The book was made into a 1966 movie starring George Peppard, James Mason and Ursula Andress.

The New York Times review of “The Blue Max” from March 1964 called the work a “briskly interesting first novel.”

“Jack D. Hunter, who served as an American agent behind the German lines in World War II, writes with impressive authority about Germans and with absolutely astounding authority about the combat airplanes of World War I,” the review stated. “His story moves fast and includes much tersely eloquent conversation.”

Hunter wrote 16 more novels and was honored as a “Literary Legend” by the Florida Heritage Book Festival. He also coached writers at the Times-Union and St. Augustine Record.

His final novel, “The Ace,” about American pilots in World War I was published last fall.

His own dreams of flying were thwarted because he was colorblind. But his fluency in German led the Army to send him to postwar Germany as a counterintelligence agent, an experience that became the basis of his second novel, “The Expendable Spy.”

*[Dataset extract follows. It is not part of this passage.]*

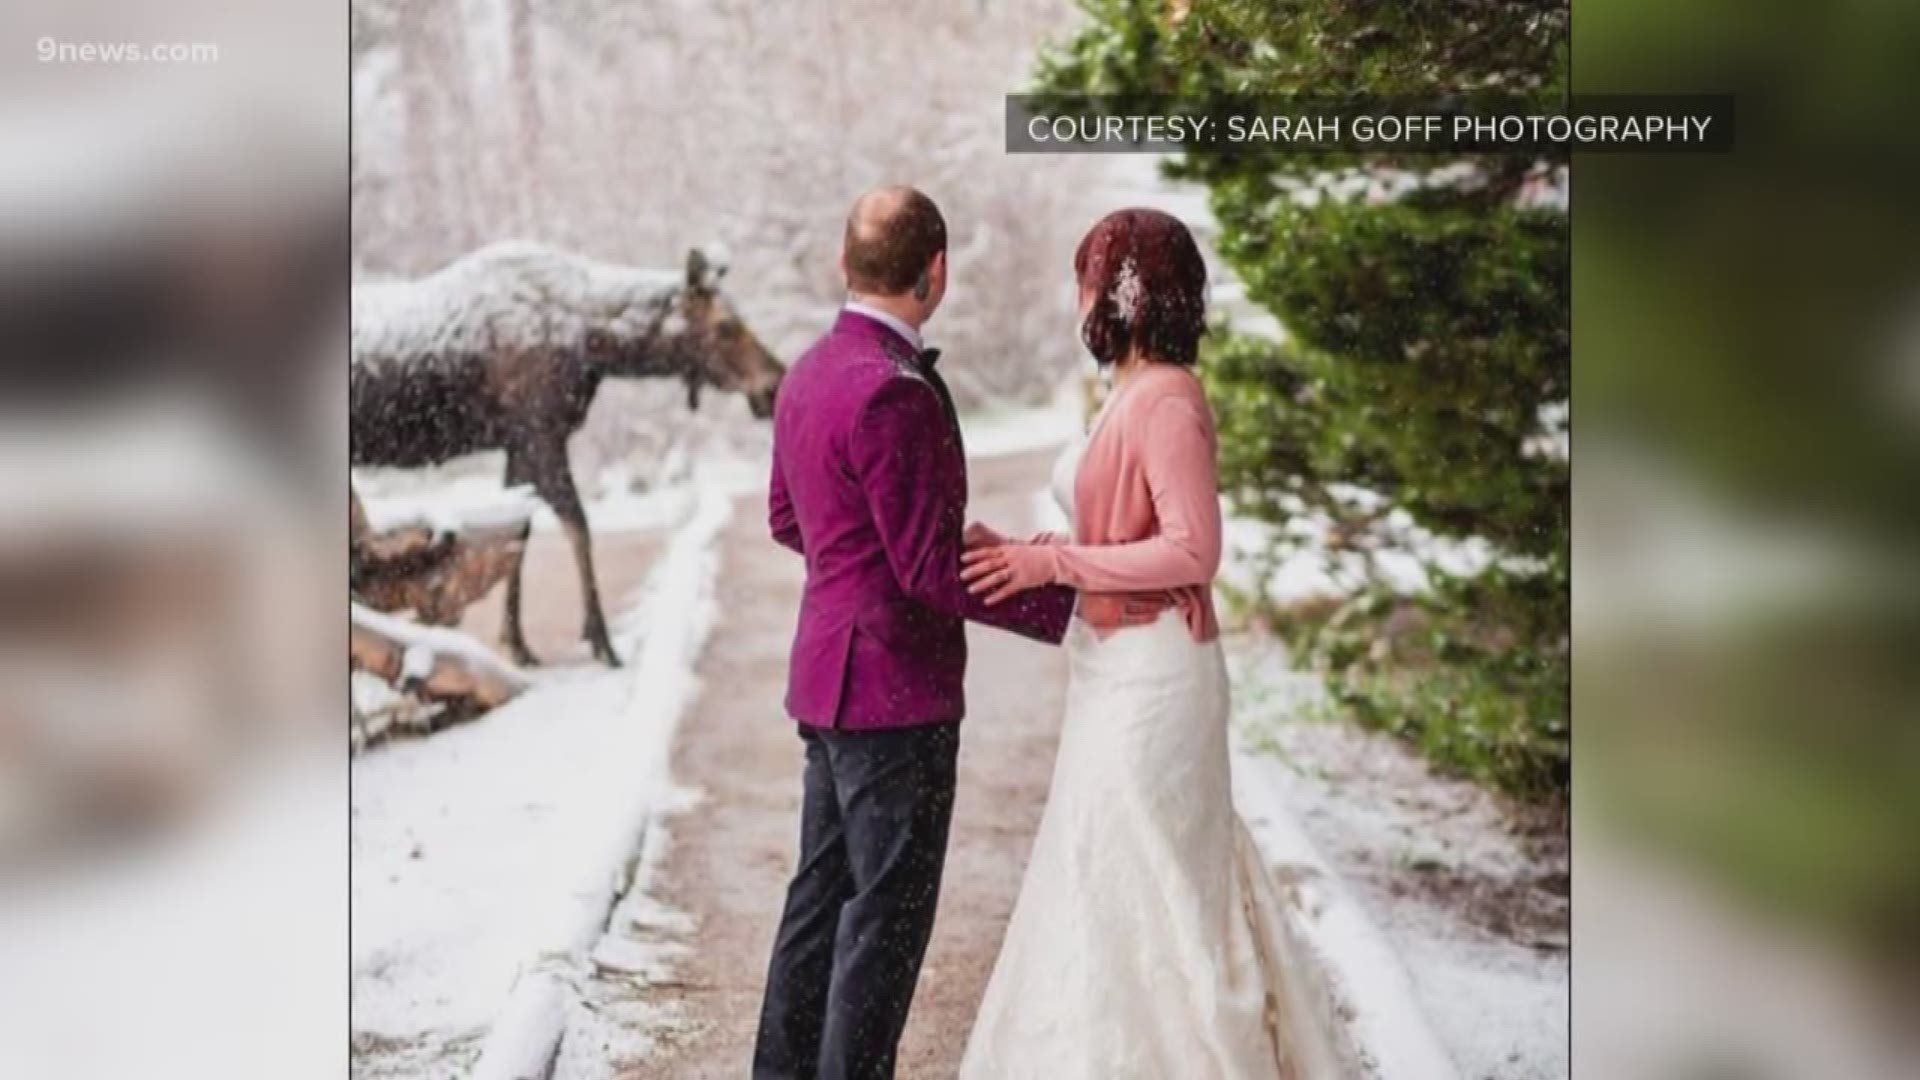 The couple from Illinois, who had come to Colorado to elope, had never seen a moose before.

After military service, Hunter went to work in Wilmington, Del., as a newspaper and radio reporter and later as a congressional aide. Eventually he joined DuPont, the Delaware-based industrial conglomerate, in public relations.

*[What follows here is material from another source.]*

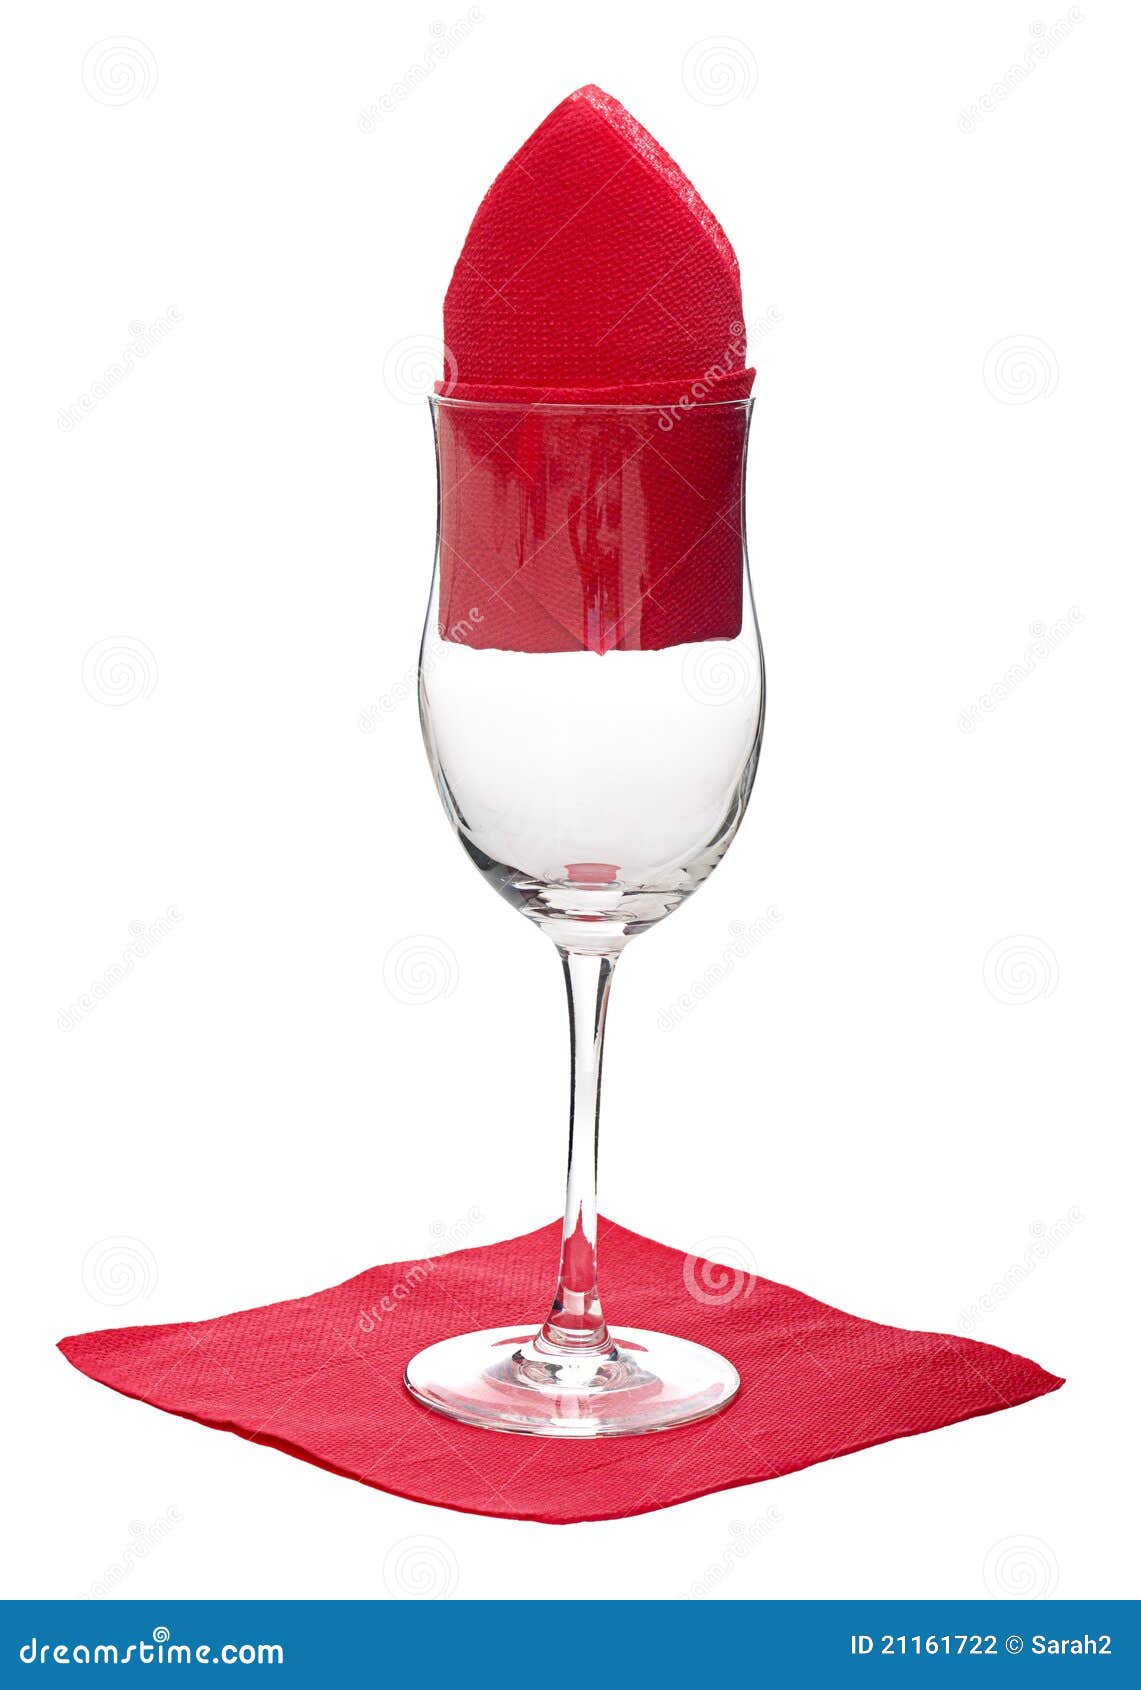 Wine Glass And Red Paper Serviettes, Napkins Stock Photo ...

In 1961, the year he turned 40, he picked up a pen and started writing.

In 1980, he and his wife, Shirley, whom everybody called Tommy, moved to St. Augustine. While she operated a gift shop named The Blue Max, he wrote novels and turned his hobby of sketching vintage aircraft into a successful second career. He liked to call himself the “Grandma Moses of aviation art.”

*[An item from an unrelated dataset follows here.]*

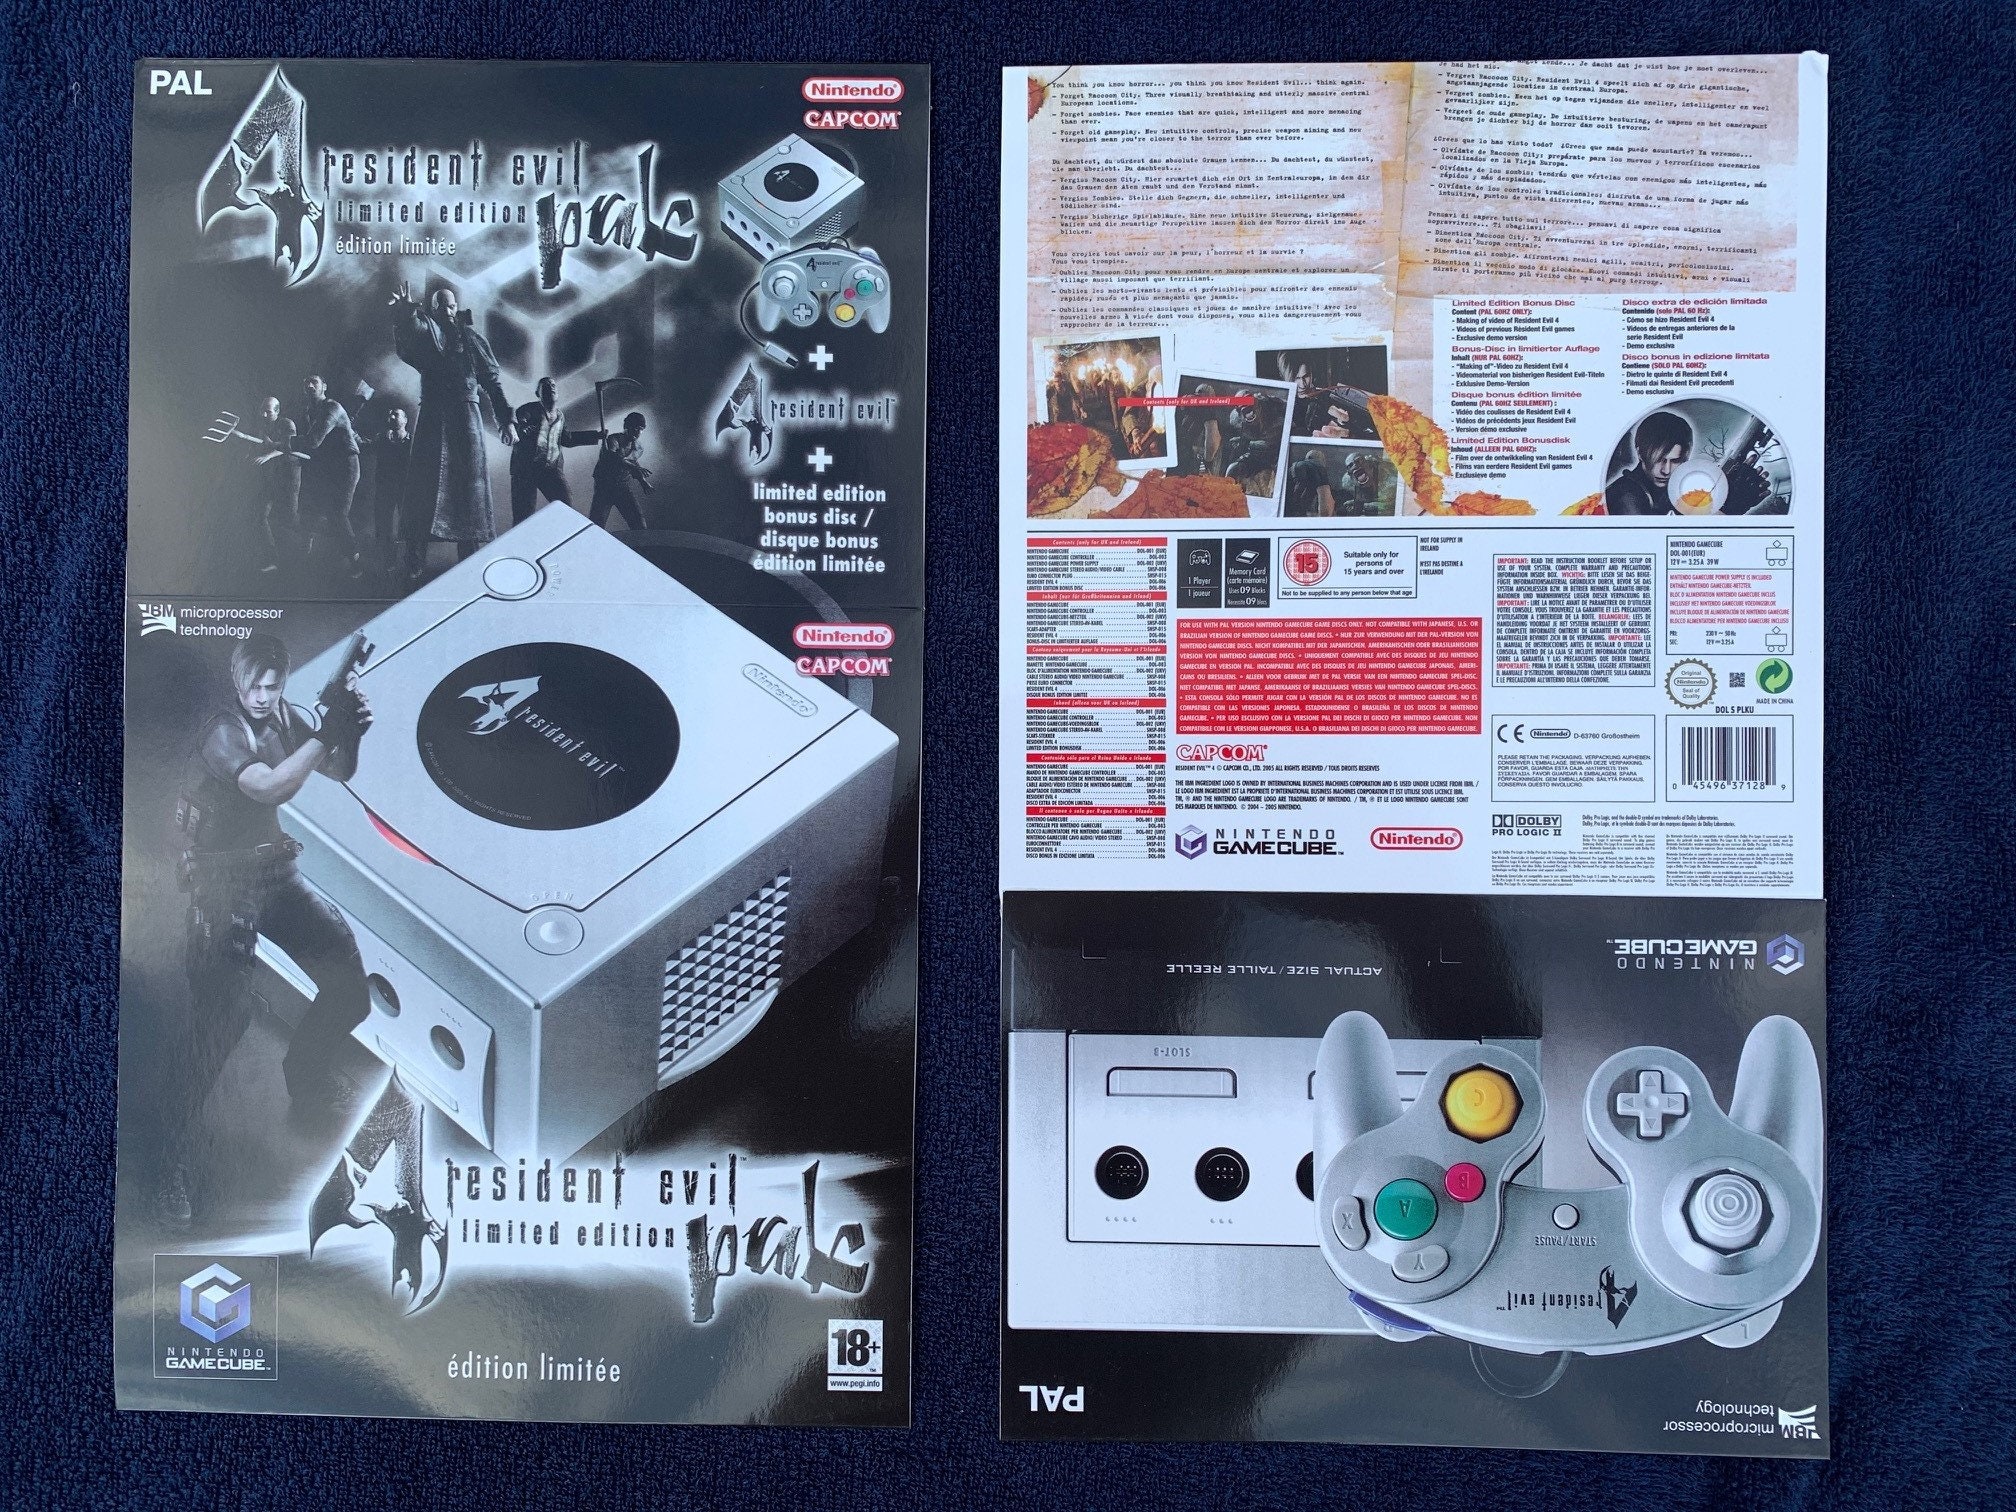 Resident Evil Code: Veronica Xs Nintendo GameCube Game For Sale

Tommy Hunter died in November 2006. After her death, he wrote “The Ace” and started a regular blog on his Web site, https://www.jackhunter.com.

Hunter announced his retirement on his blog on March 27.

“It’s been a real trip, folks, but I’m hanging up my spurs. I’ve enjoyed writing my blog, as I hope you’ve enjoyed reading it. But, due to my increasing physical weakness, it has become more of a burden than a pleasure, and it’s time, as the old cliche says, to exit stage right.”

Hunter is survived by four children: Jack Hunter Jr. and Jill Hunter of St. Augustine, Lee Higgins of Middletown, Del., and Lyn Cannon, of Solomons, Md.; three grandchildren; and his brother, Robert L. Hunter of Jacksonville. Plans for a memorial service are incomplete. The funeral will be private.